Messing with Intuition: A Review of Basic Probability Concepts

You might think it’s a total waste of time to revisit probability theory and its laws. The problem that follows was presented by Amos Tversky and Daniel Kahneman to illustrate how people violate the principles of probability when making intuitive judgments.

Linda is 31 years old, single, outspoken, and very bright. She majored in philosophy. As a student, she was deeply concerned with issues of discrimination and social justice, and also participated in anti-nuclear demonstrations. Which is more probable?

Linda is a bank teller.
Linda is a bank teller and is active in the feminist movement.

Probability

A probability is a fraction of a finite set.

survey = 1000

bank_tellers = 20

prob_bank_teller = bank_tellers / survey

print(f'The prob of being a bank teller is: {prob_bank_teller:.4f}')
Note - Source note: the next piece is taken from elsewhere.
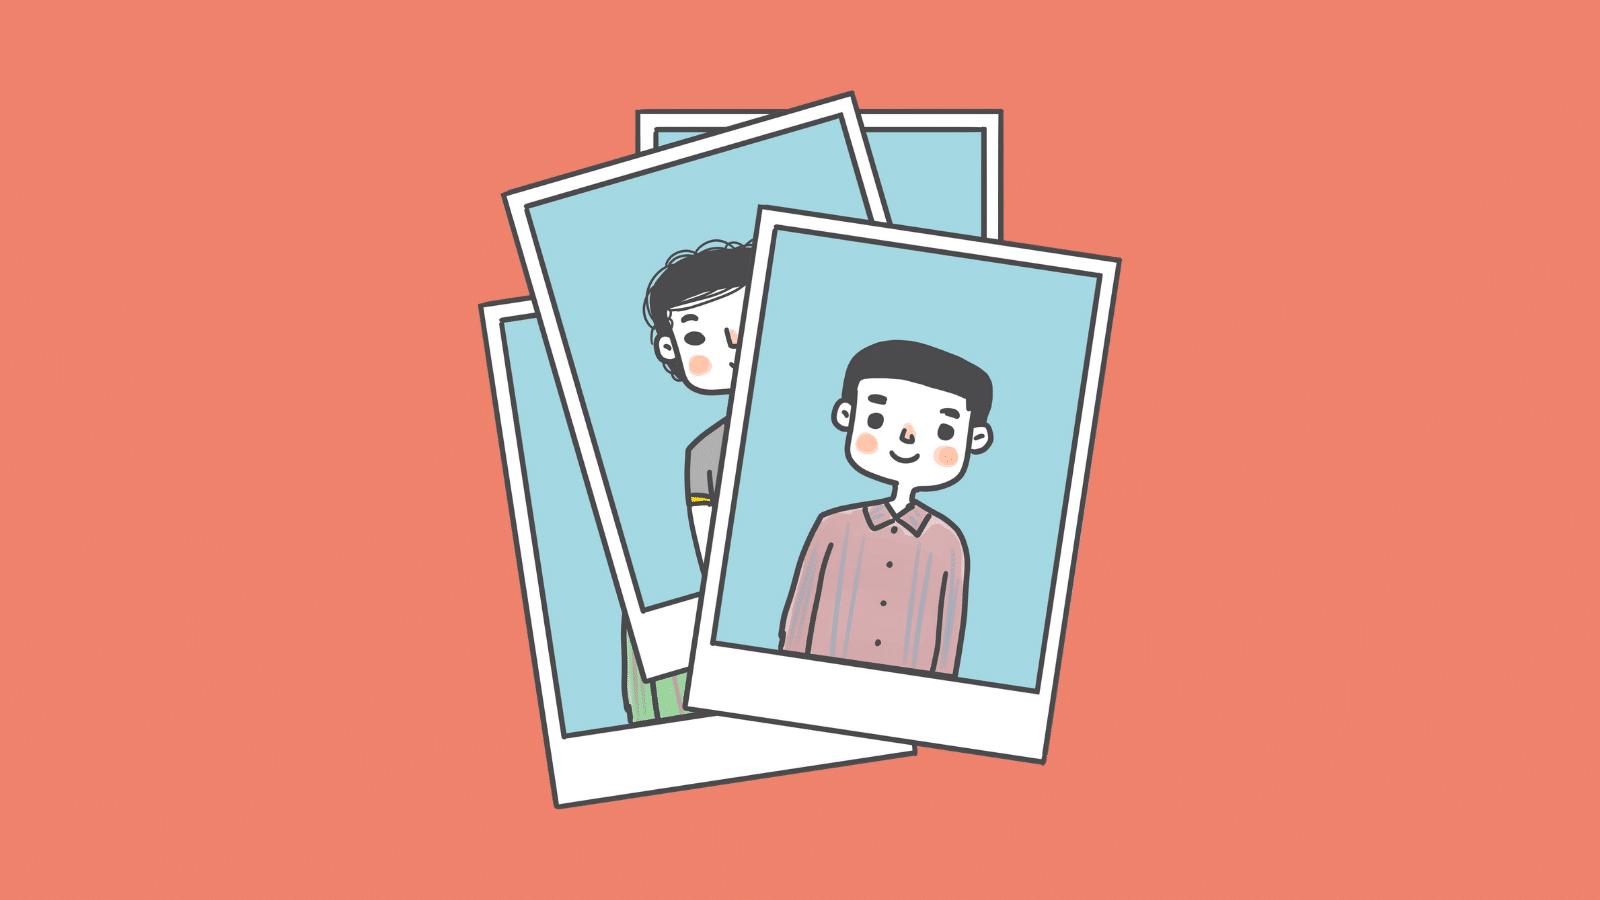 ウーバーイーツの紹介コードURLで表示される顔写真は非公開に出来るの?

The prob of being a bank teller is: 0.0200

If we choose at random (every person has the same chance of being chosen), the probability they are a bank teller is 2%.
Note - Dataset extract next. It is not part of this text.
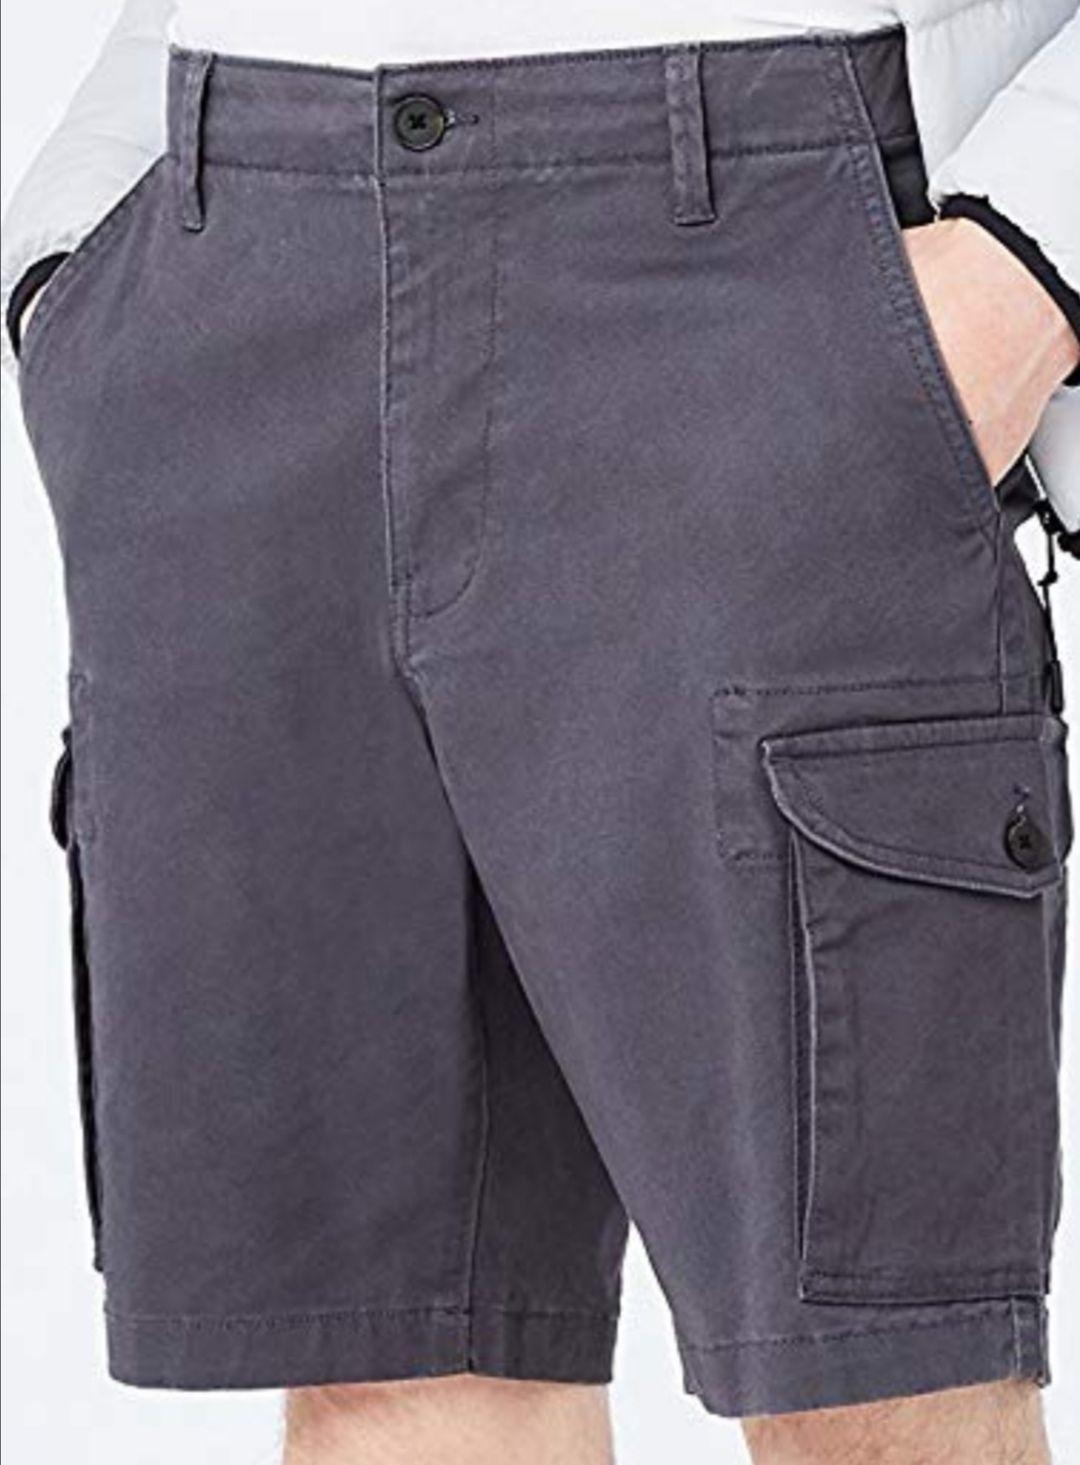 Pantalones Cortos, Hombre . Varias tallas y colores.

# Download the file with the data

from os.path import basename, exists

def download(url):
    filename = basename(url) # extract the name from the url
    if not exists(filename): # check if the file is in the local directory
        from urllib.request import urlretrieve
        local, _ = urlretrieve(url, filename) # download the file from the url
        print('Downloaded ' + local)

download('https://github.com/AllenDowney/ThinkBayes2/raw/master/data/gss_bayes.csv')

import pandas as pd

gss = pd.read_csv('gss_bayes.csv')
gss.head()

	caseid	year	age	sex	polviews	partyid	indus10
0	1	1974	21.0	1	4.0	2.0	4970.0
1	2	1974	41.0	1	5.0	0.0	9160.0
2	5	1974	58.0	2	6.0	1.0	2670.0
3	6	1974	30.0	1	5.0	4.0	6870.0
4	7	1974	48.0	1	5.0	4.0	7860.0

The columns are:

caseid: Respondent identifier.
year: Year when the respondent was surveyed.
age: Respondent’s age when surveyed.
sex: Male or female.
polviews: Political views on a range from liberal to conservative.
partyid: Political party affiliation, Democrat, Independent, or Republican.
indus10: Code for the industry the respondent works in.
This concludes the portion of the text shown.